Niedługo po publikacji na stronie Radia Eska Obajtek zamieścił wpis w serwisie X. "Zatrzymali największą inwestycję petrochemiczną w Europie i zarazem jedyną w Europie Środkowo-Wschodniej, która jest fundamentem dalszego rozwoju Orlenu" - napisał.
Według szacunków zewnętrznych doradców Orlenu, wszystkie wydatki związane z realizacją projektu Olefiny III mogłyby sięgnąć nawet 45-51 mld zł. Jeszcze w czerwcu 2023 r. szacowano, że budżet inwestycji wyniesie 25 mld zł.
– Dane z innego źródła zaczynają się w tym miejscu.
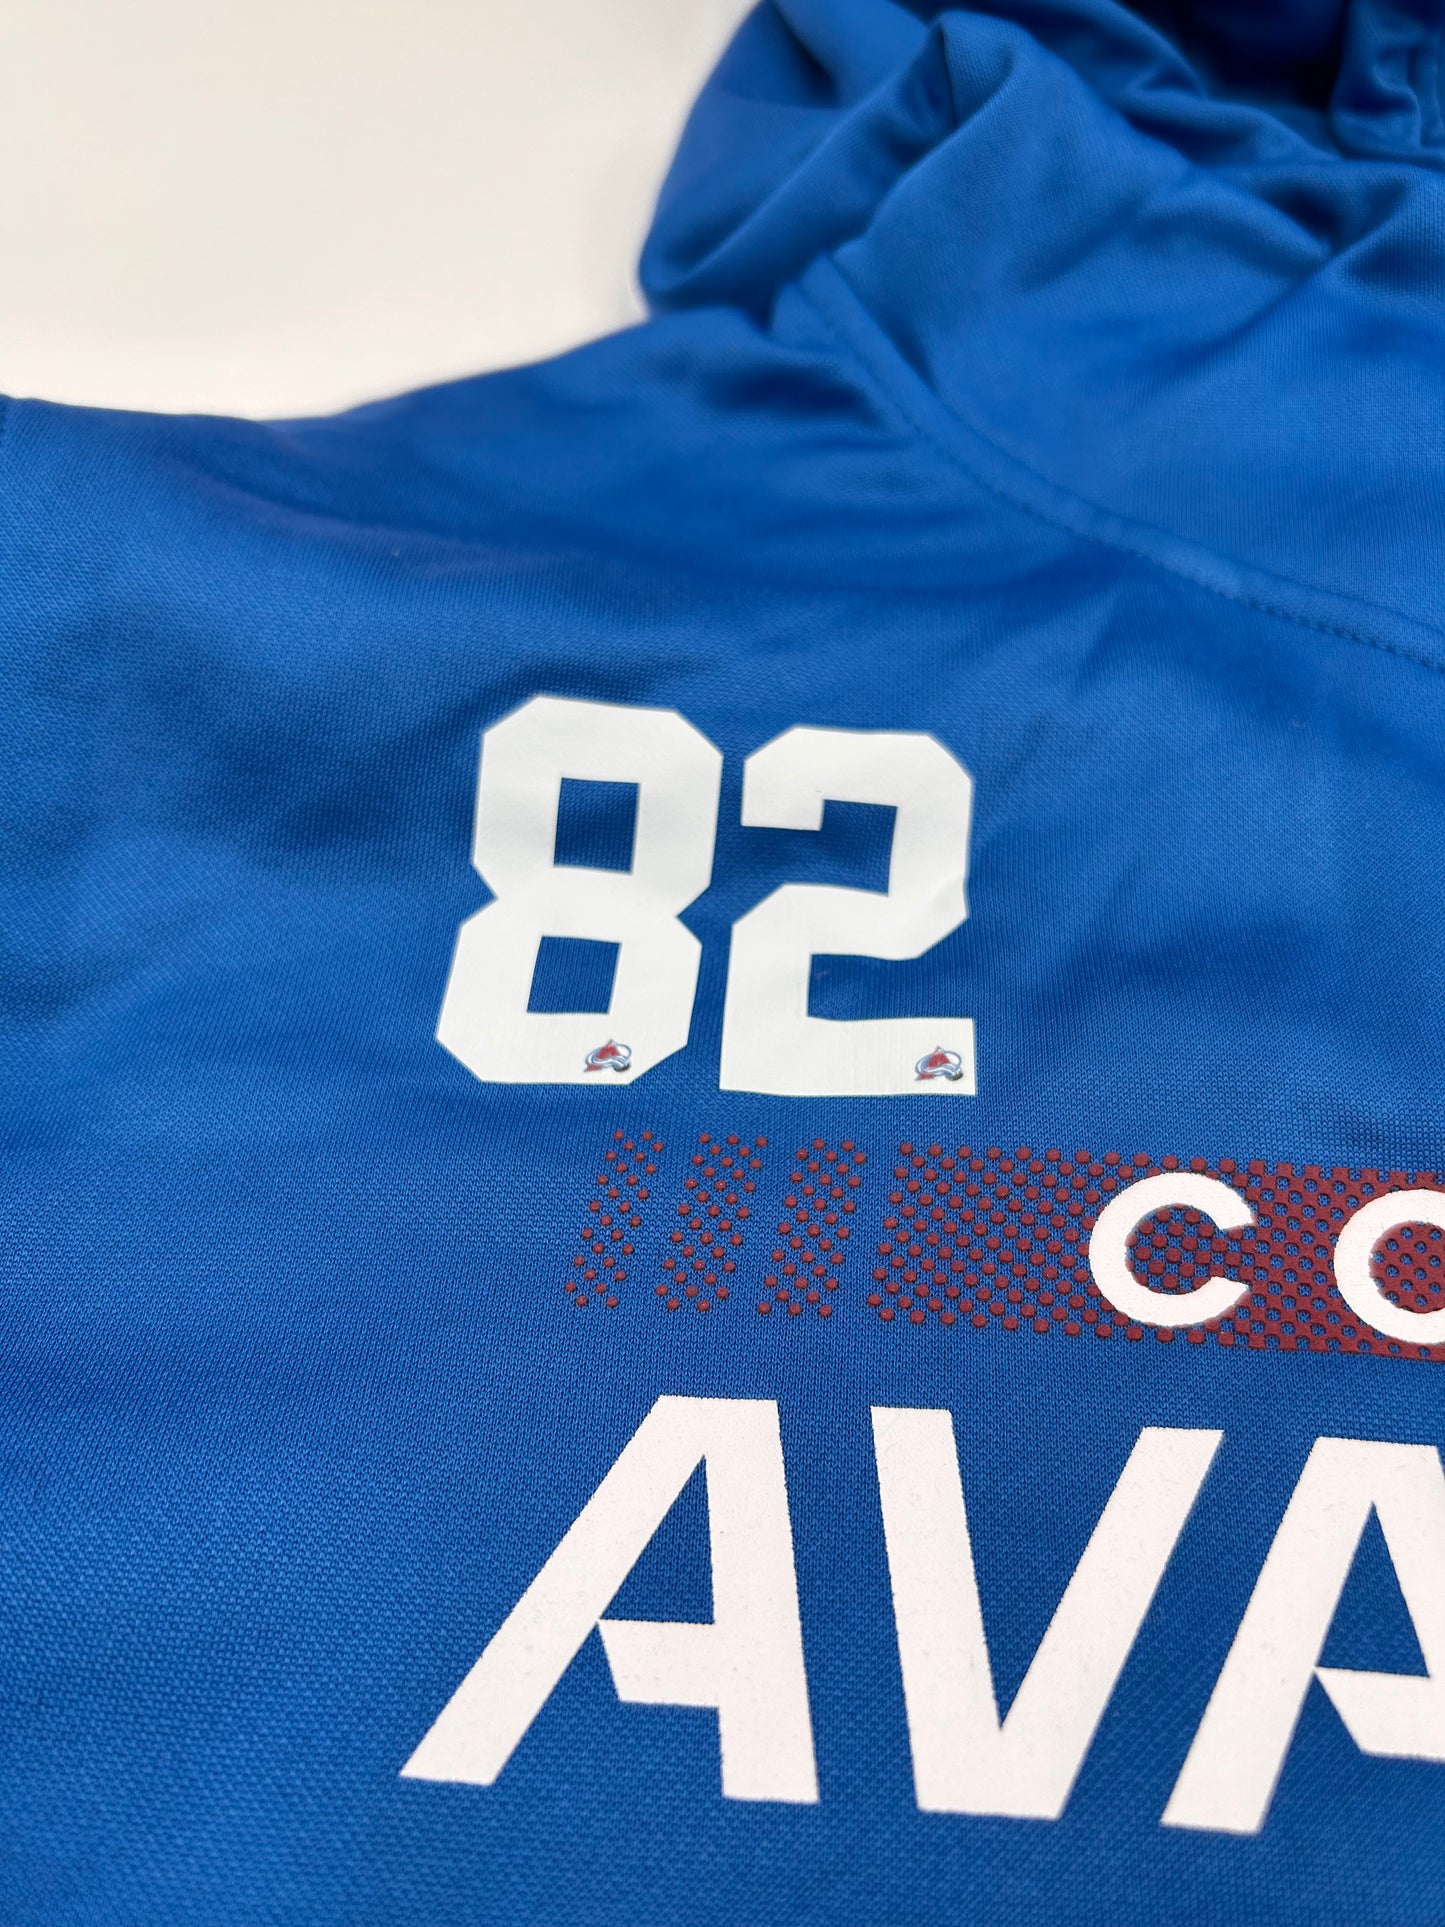 2022 Colorado Avalanche "Baby Blue" Player Worn Sweatshirts
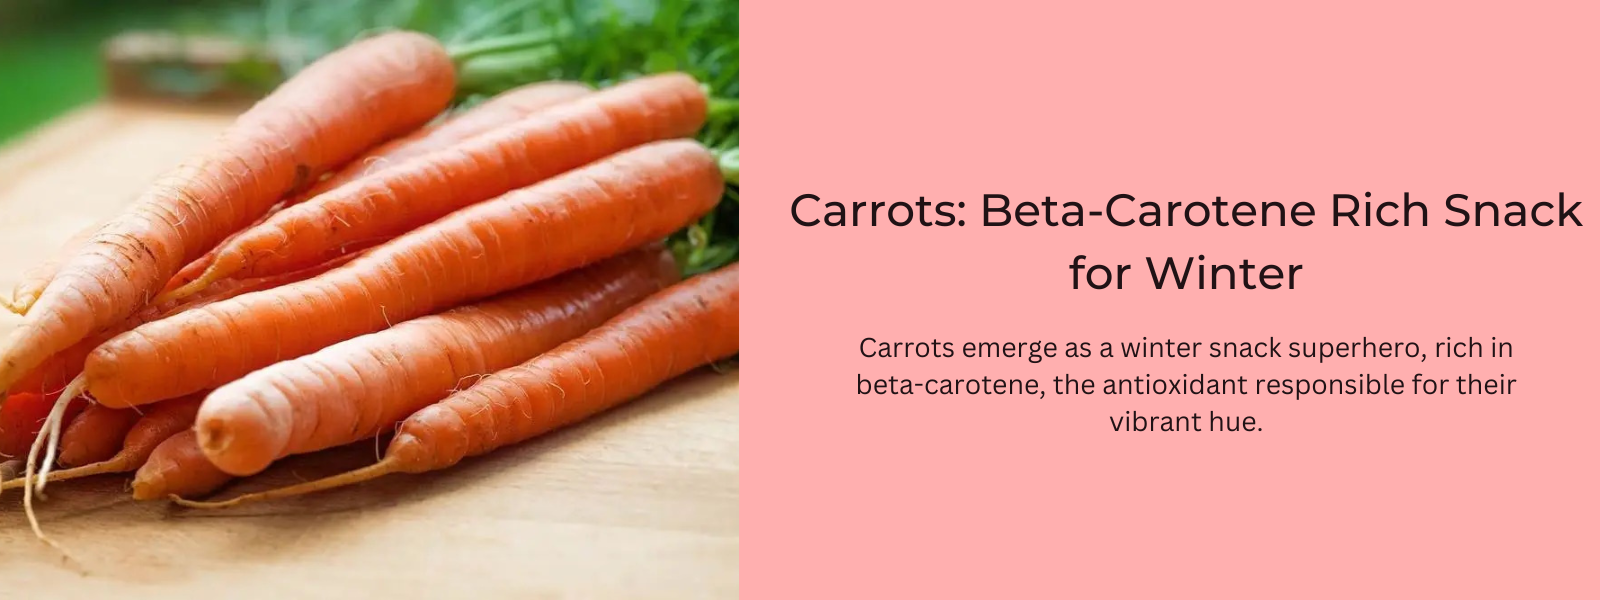 Carrots: Beta-Carotene Rich Snack for Winter

Prezes Fąfara podkreślił w środę, że obecny zarząd "podjął decyzję o zatrzymaniu projektu Olefiny III, którego rzeczywiste koszty realizacji sześciokrotnie przekroczyłyby pierwotne założenia". - Dążąc do ograniczenia negatywnych efektów ekonomicznych inwestycji w Olefiny III, Orlen wykorzysta powstałą infrastrukturę jako bazę do realizacji projektu "Nowa Chemia" - zapowiedział.
W komunikacie Orlen zaznaczył, że decyzja o zatrzymaniu projektu uchroni spółkę przed stratą ok. 15 mld zł i jest ona "najkorzystniejszym z możliwych rozwiązań", które pozwala "na ograniczenie potencjalnych strat spółki, spowodowanych błędnymi decyzjami poprzedniego zarządu".
Orlen wyjaśnił, że zapowiadany projekt "Nowa Chemia" to przedsięwzięcie oparte o nowe założenia technologiczne, operacyjne i biznesowe. Jak podano, powstanie nowoczesna instalacja do produkcji monomerów oraz zwiększone zostaną możliwości sprzedażowe spółki w obszarze tlenku etylenu i glikoli, styrenu oraz frakcji butadeinowej C4 w wolumenie zoptymalizowanym do potrzeb rynkowych.
"Nowa Chemia" od ok. 2030 r. przejmie funkcje instalacji działającej obecnie w ramach Olefin II i użytkowana będzie przez cały cykl działalności płockiego zakładu - zaznaczono w informacji.
Przypomnijmy: na początku października ubiegłego roku płocka prokuratura okręgowa ujawniła, że po przeprowadzonych czynnościach sprawdzających w związku z zawiadomieniami m.in. Państwowej Inspekcji Pracy (PIP) wszczęła śledztwo w sprawie naruszania praw pracowniczych obcokrajowców zatrudnianych przy budowie Olefin III w Orlenie, przy czym postępowanie dotyczy podwykonawców inwestycji.
Umowę na budowę kompleksu Olefiny III Orlen podpisał w czerwcu 2021 r. ze spółkami Hyundai Engineering z siedzibą w Seulu i z Tecnicas Reunidas z siedzibą w Madrycie. Zakończenie inwestycji planowane jest na pierwszą połowę 2027 r.